Electric cable shovel (ECS) is a complex production equipment, which is widely utilized in open-pit mines. Rational valuations of load is the foundation for the development of intelligent or unmanned ECS, since it directly influences the planning of digging trajectories and energy consumption. Load prediction of ECS mainly consists of two types of methods: physics-based modeling and data-driven methods.
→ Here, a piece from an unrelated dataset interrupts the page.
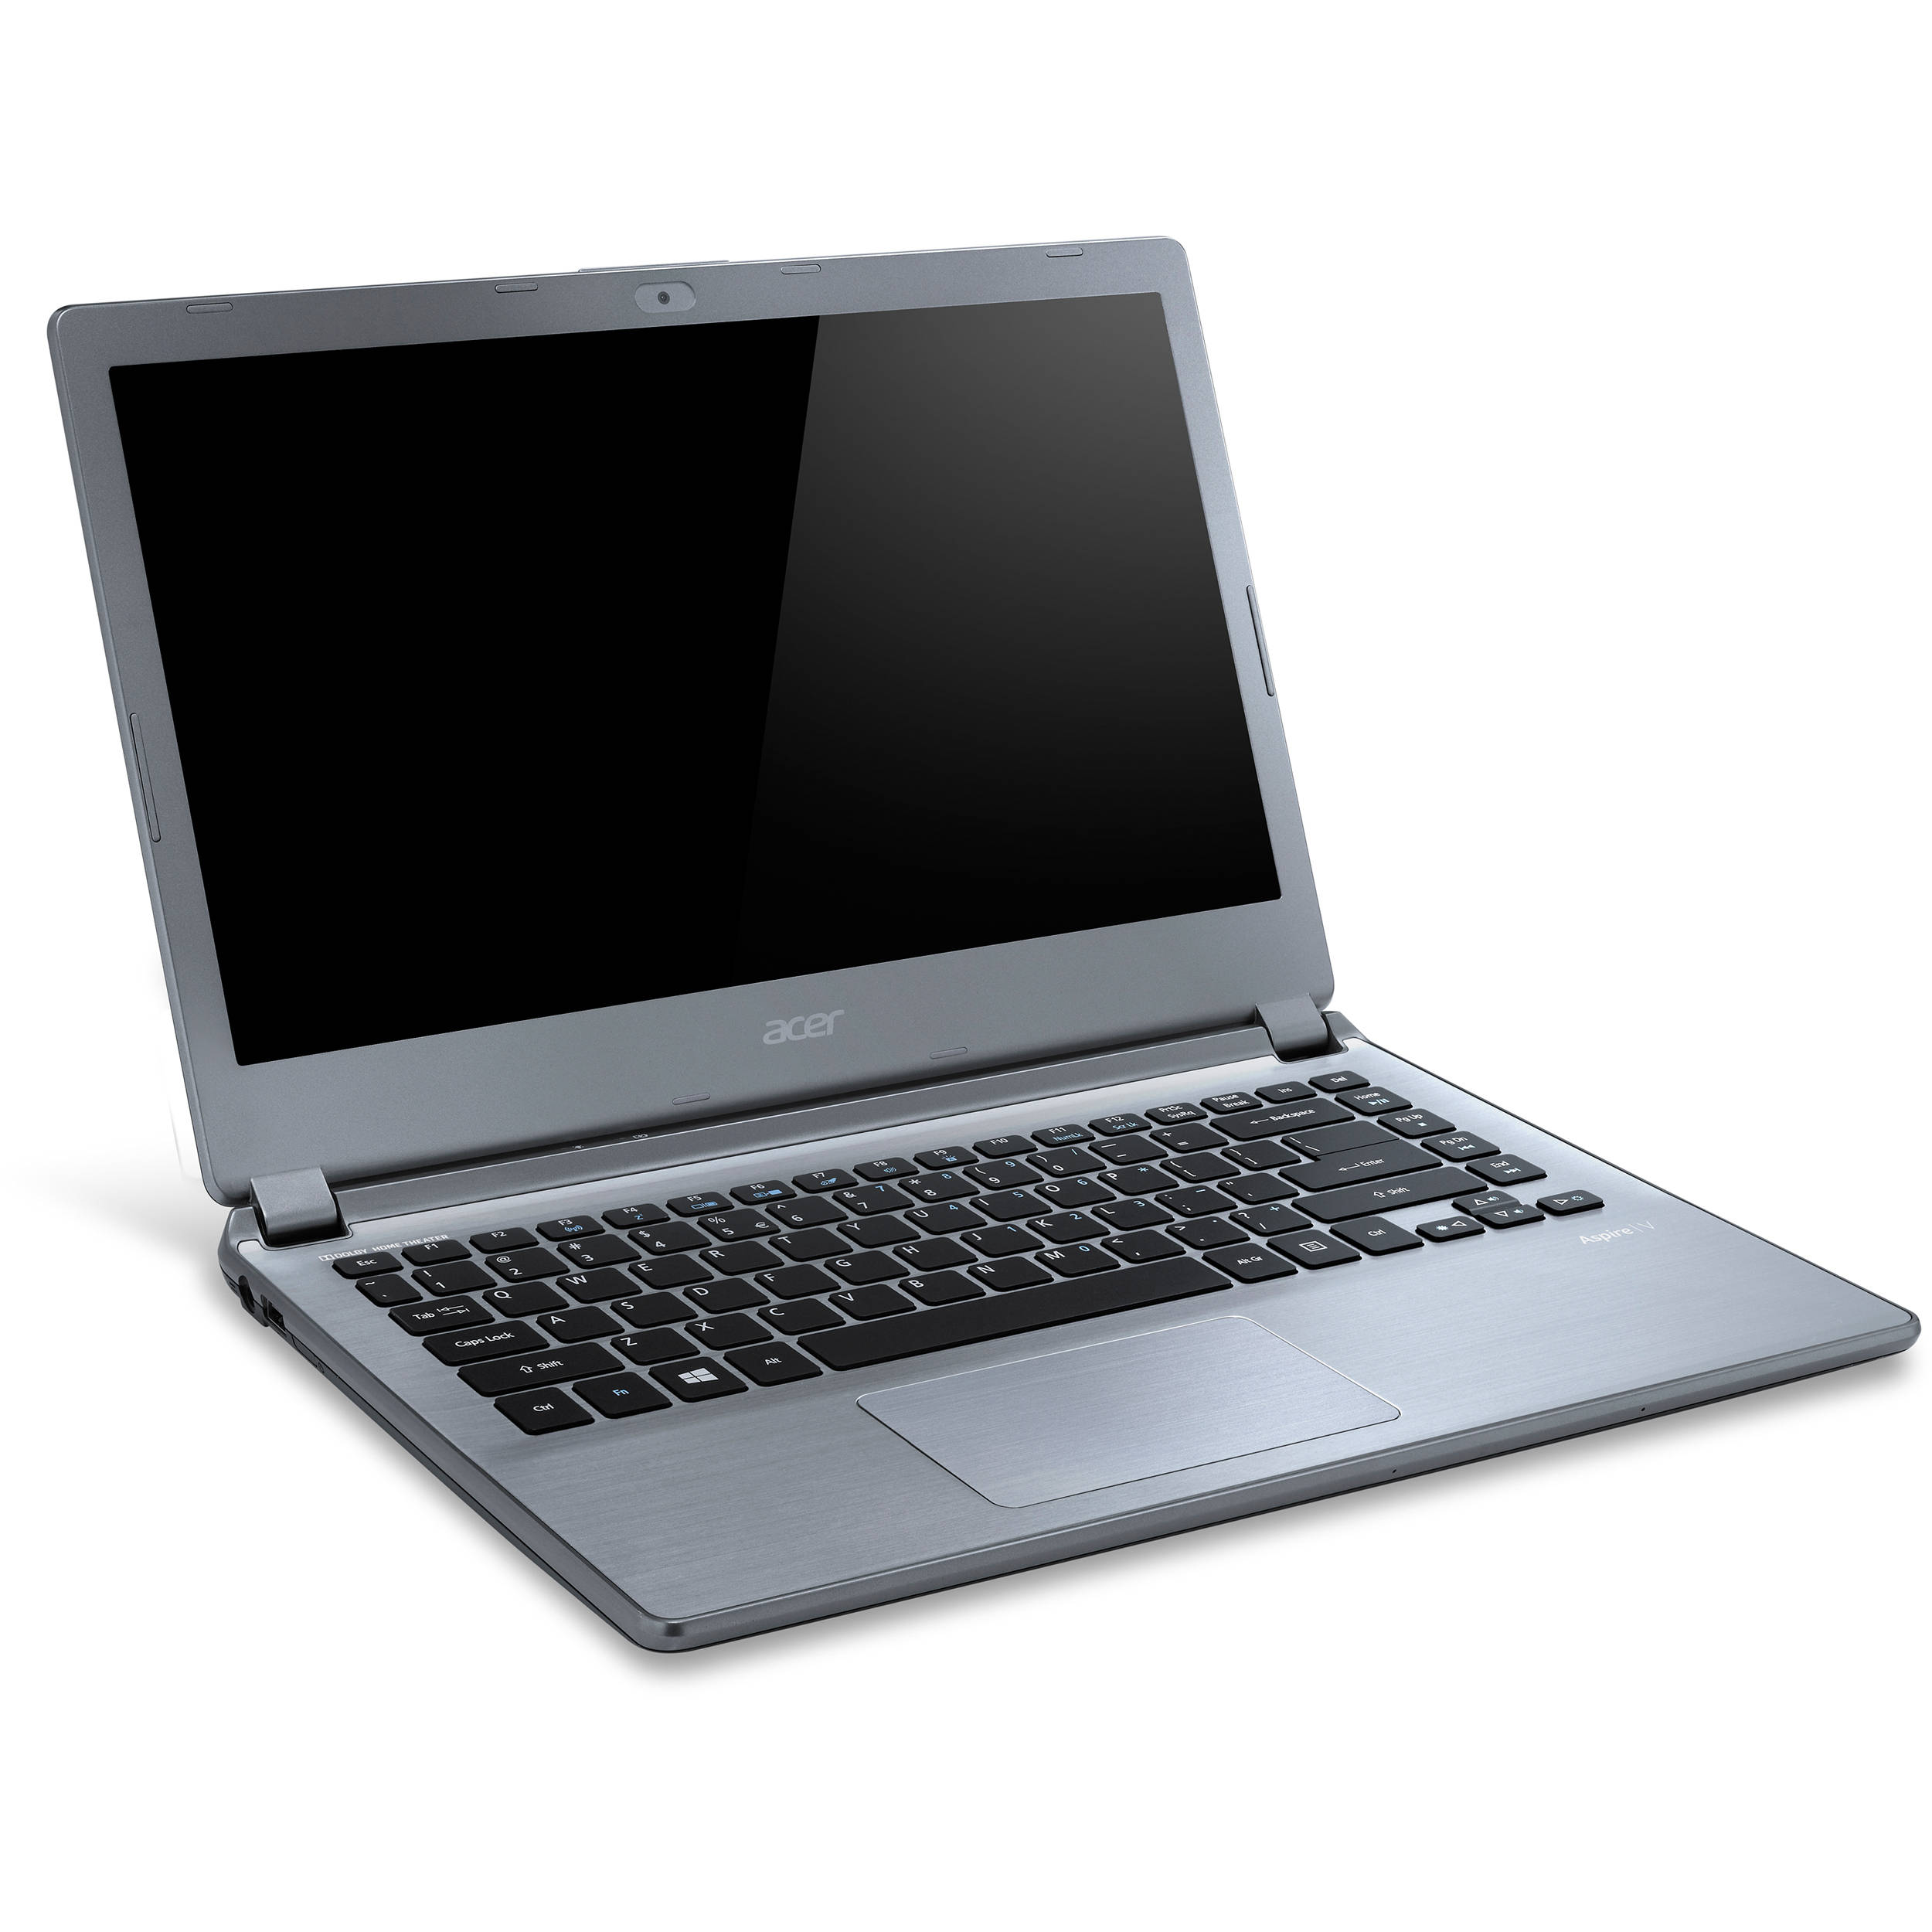 Acer Aspire V7-482PG Notebook

The former approach is based on known physical laws, usually, it is necessarily approximations of reality due to incomplete knowledge of certain processes, which introduces bias. The latter captures features/patterns from data in an end-to-end manner without dwelling on domain expertise but requires a large amount of accurately labeled data to achieve generalization, which introduces variance. In addition, some parts of load are non-observable and latent, which cannot be measured from actual system sensing, so they can’t be predicted by data-driven methods. Herein, an innovative hybrid physics-informed deep neural network (HPINN) architecture, which combines physics-based models and data-driven methods to predict dynamic load of ECS, is presented. In the proposed framework, some parts of the theoretical model are incorporated, while capturing the difficult-to-model part by training a highly expressive approximator with data. Prior physics knowledge, such as Lagrangian mechanics and the conservation of energy, is considered extra constraints, and embedded in the overall loss function to enforce model training in a feasible solution space. The satisfactory performance of the proposed framework is verified through both synthetic and actual measurement dataset.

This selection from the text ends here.